# Freedom kennel from Czech rep



## FreedomCZ (Nov 27, 2011)

Hi everybody!

I am from Czech republic and breed mice about 8years. I focus on astrex and tan mice and breed under Czech mice club http://www.czmc.cz.

Looking for some friends and maybe some imports. 
You can contact me on email [email protected] and visit our web page: http://www.chs-freedom.tym.cz

Here some mice from my breeding station:








Lha black male








Lha sepia female








Shsa dove tan








Sh black tan








Sh dove tan








Sh chocolate tan


----------



## Fantasia Mousery (Jul 16, 2011)

They look lovely.  Welcome to the forum.


----------



## Serena (Dec 29, 2011)

Welcome 
Beautiful mice! Sadly, I don't understand a word of your homepage


----------



## FreedomCZ (Nov 27, 2011)

Thanks 

Its because I am from Czech rep. And I speak czech.. So my page is in this language.
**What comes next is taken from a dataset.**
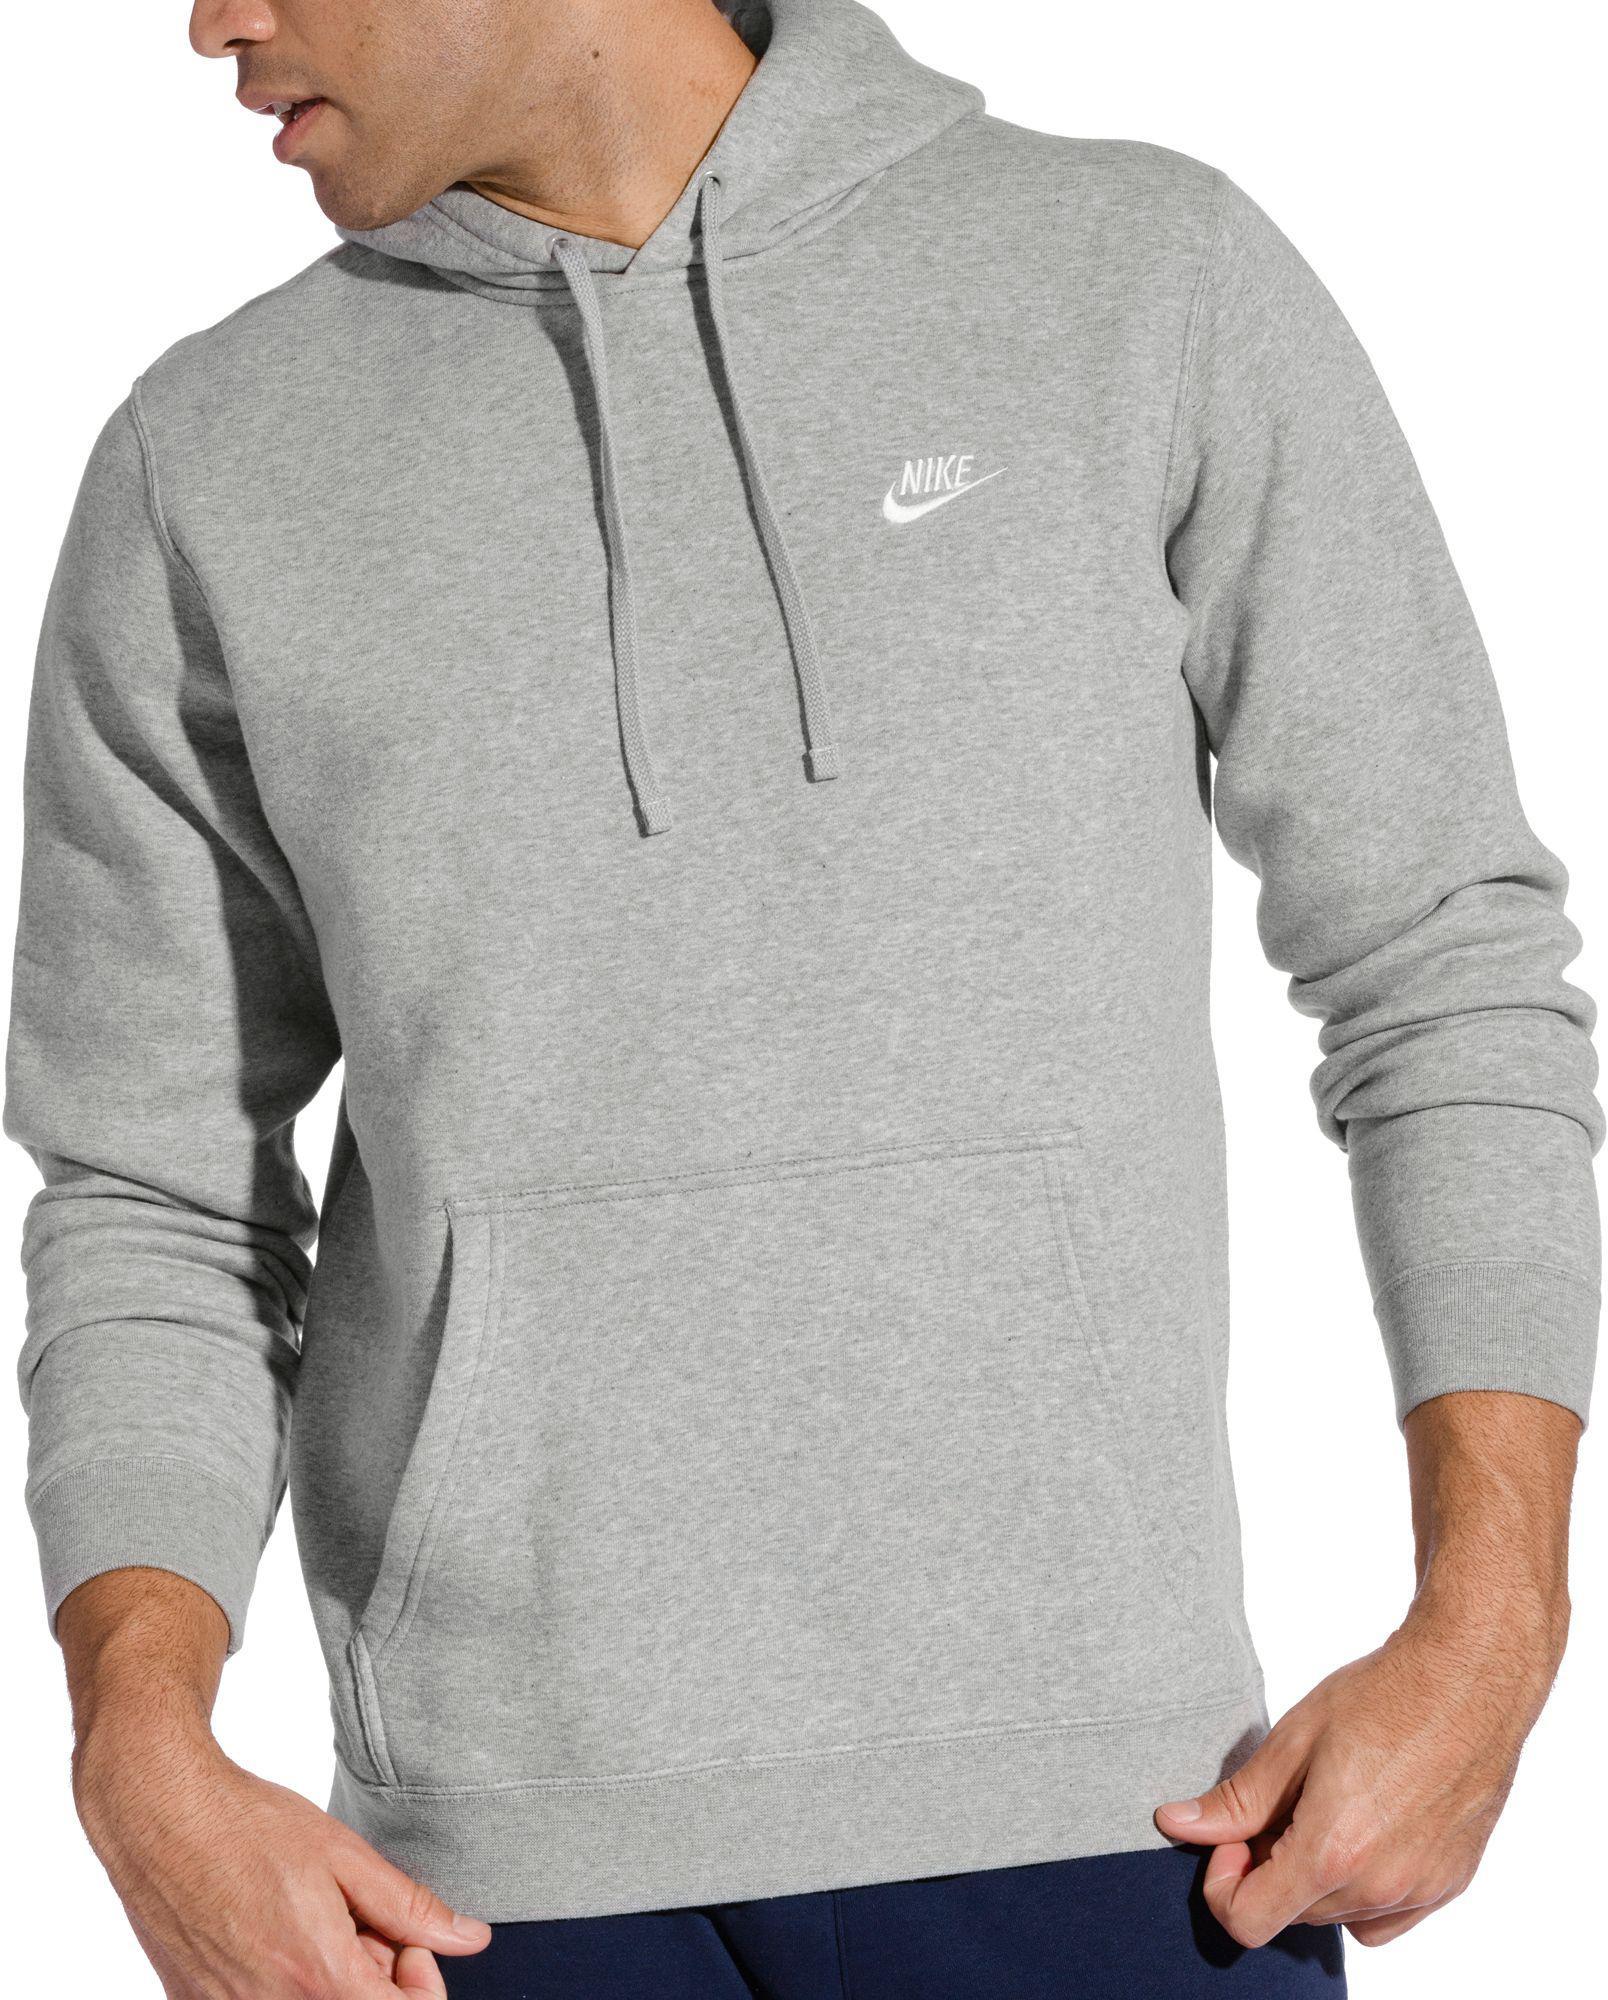 Lyst - Nike Club Fleece Pullover Hoodie in Gray for Men 1dc7d86b191b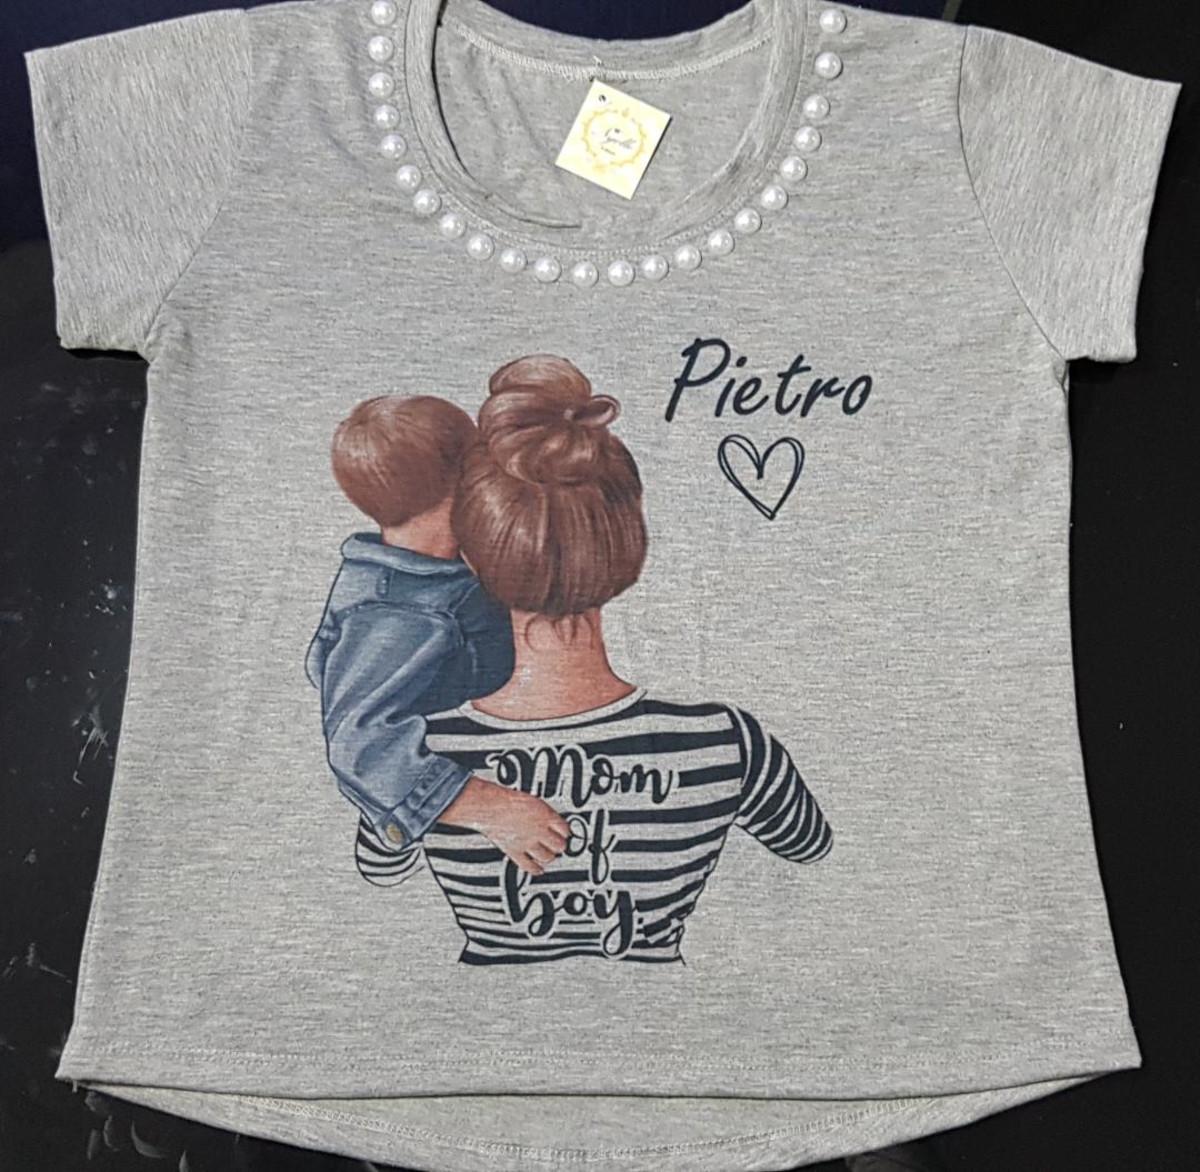 342680362 Camiseta Feminina - Mãe de 1 menino personalizada no Elo7   Nyelle T ...

I think about english version, but now I haven't got time. 

So you can use google translator.. He cant translate right everything, but something maybe yes


----------



## andypandy29us (Aug 10, 2012)

hello and welcome  you have beautiful mice


----------



## Marlimoo55 (Sep 6, 2013)

Welcome to the forum! and you have such beautiful mice!


----------



## Trixie's Mice (Feb 3, 2013)

Vítejte na FMB!

PS: You have some GORGEOUS mice!


----------



## FreedomCZ (Nov 27, 2011)

Marlimoo:
Thx.. 
Trixie:
Thank you for the czech welcome


----------